The government will reduce overseas traveling and all ministries and departments must cut costs in 2012, Jonathan said, adding that he won’t restore the subsidy.
Trade unions called an indefinite nationwide strike Jan. 9 and threatened to shut down ports, fuel stations, banks and oil operations in Africa’s largest crude producer if the government fails to restore the fuel subsidies. Jonathan abolished 1.2 trillion naira ($7.4 billion) of subsidies on Jan. 1, promising to use the savings to boost investment in power plants and roads in Africa’s most populous nation. Nigeria imports more than 70 percent of its fuel because of a lack of refining capacity.
“If I were in your shoes at this moment, I probably would have reacted in the same manner as some of our compatriots, or hold the same critical views about government,” said Jonathan. “But tough choices have to be made to safeguard the economy and our collective survival as a nation.”
The government will start a mass-transport program tomorrow and will employ 10,000 youths per state under a public-works program, creating a further 370,000 jobs, Jonathan said today on state television. That will include the rehabilitation of railway lines from the southern cities of Lagos and Port Harcourt to northern Kano and Maiduguri, he said.
Still On
Earlier today, Owei Lakemfa, general secretary of the Nigeria Labor Congress, said by phone from Abuja, the capital, that the strike is still on.
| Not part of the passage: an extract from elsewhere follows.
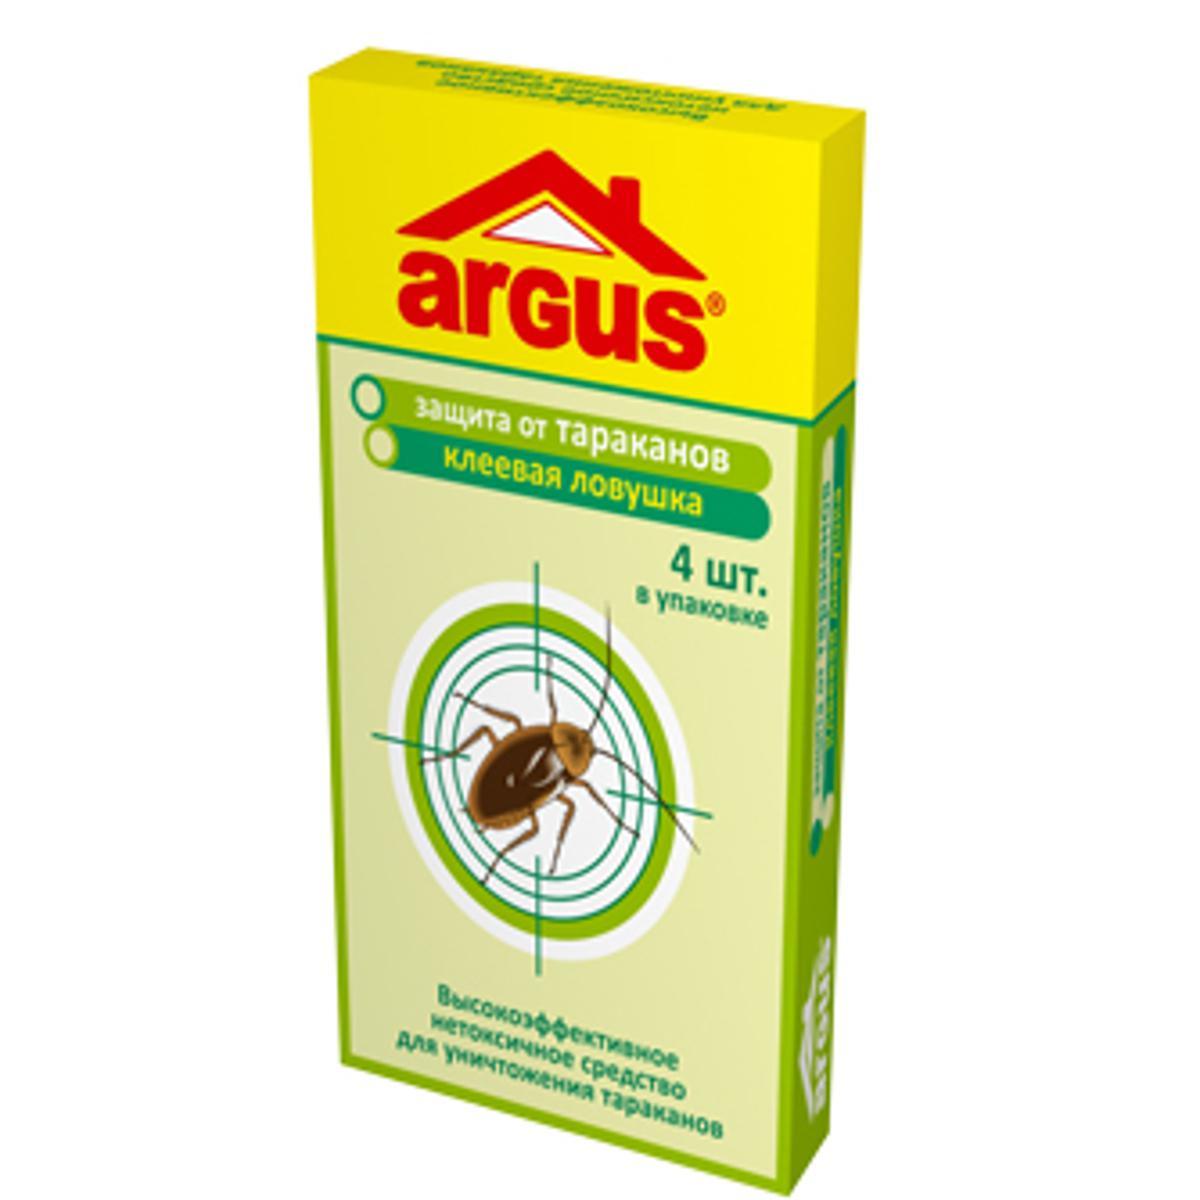 Ловушка для насекомых Argus СЗ.020017
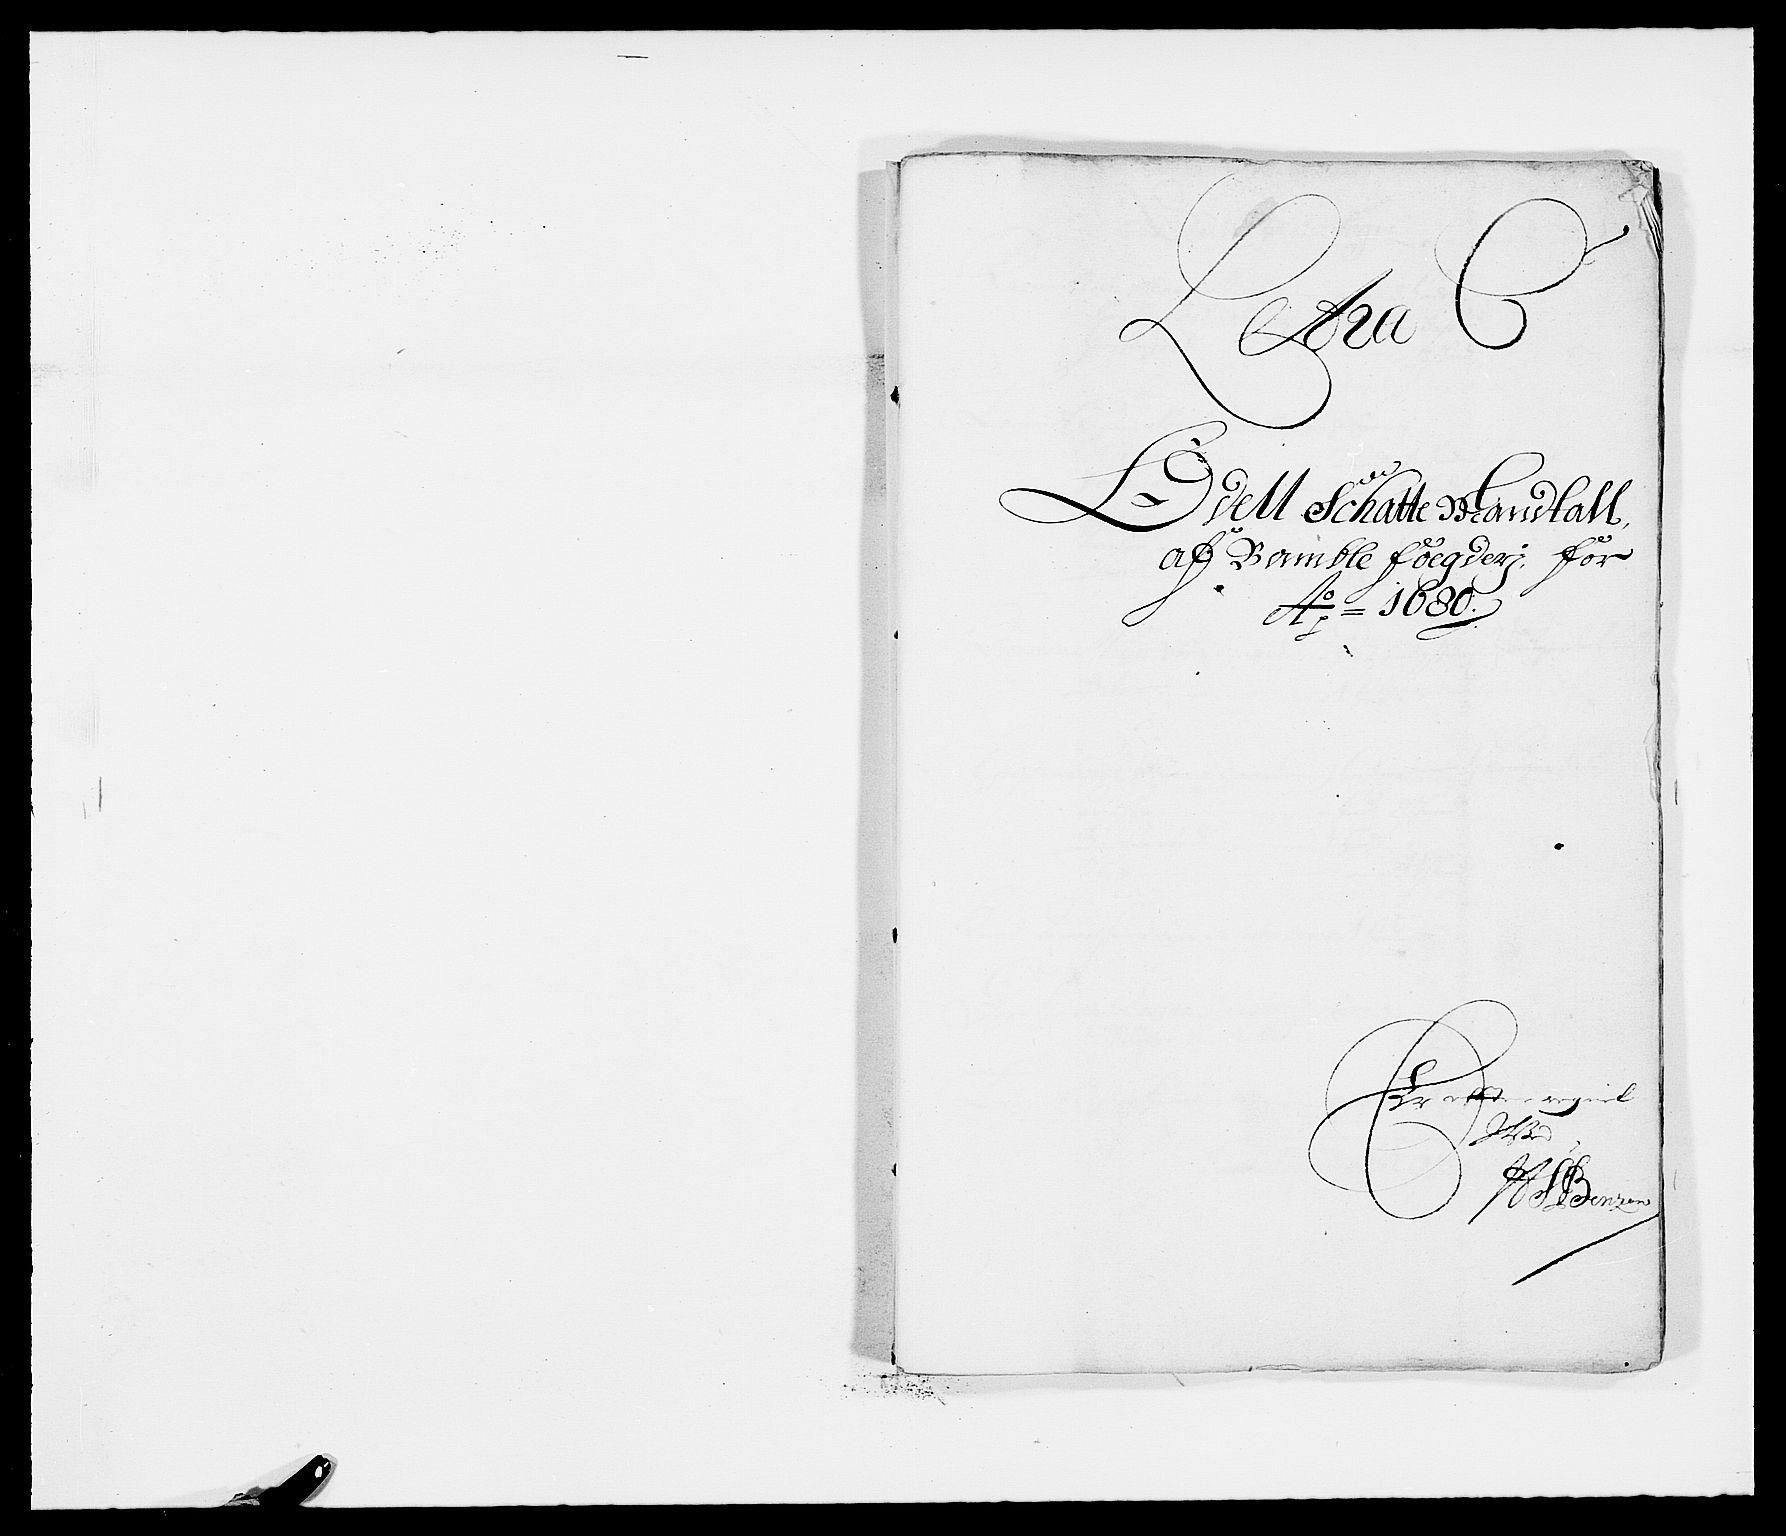 RA, Rentekammeret inntil 1814, Reviderte regnskaper, Fogderegnskap, R34/L2045: Fogderegnskap Bamble, 1680-1681, s. 76

The National Industrial Court of Nigeria ordered unions to stop the planned strike, the Associated Press reported yesterday. “The court order has not been served,” Lakemfa said.Oil workers will join the strike called by the Trade Union Congress and NLC, Nigeria’s two main labor federations, according to Babatunde Ogun, president of the Petroleum and Natural Gas Senior Staff Association of Nigeria, or Pengassan, which represents about 24,000 workers.
Nigerian ports will remain open next week and their workers won’t strike, Michael Ajayi, spokesman of the Nigerian Ports Authority, said by phone yesterday from Lagos. Still, Channels TV reported that the Maritime Workers Union of Nigeria will join the general strike Jan. 9.
Emergency Meeting
Jonathan held an emergency meeting late yesterday in Abuja with governors of 36 states to discuss measures that can help ease higher prices.“The governors agreed with the president that we are going to carry on with the removal of subsidies,” said Chibuike Rotimi Amaechi, chairman of the Governors’ Forum, in an e-mailed statement today. “This is a sacrifice we have to make as a country.” Money saved from the subsidy will be spent on improving transportation, Amaechi said.
Nigeria’s House of Representatives in Abuja will hold an emergency session tomorrow at 3 p.m. local time to discuss the fuel subsidy removal, Monima Daminabo, a spokesman for the National Assembly, said by phone today.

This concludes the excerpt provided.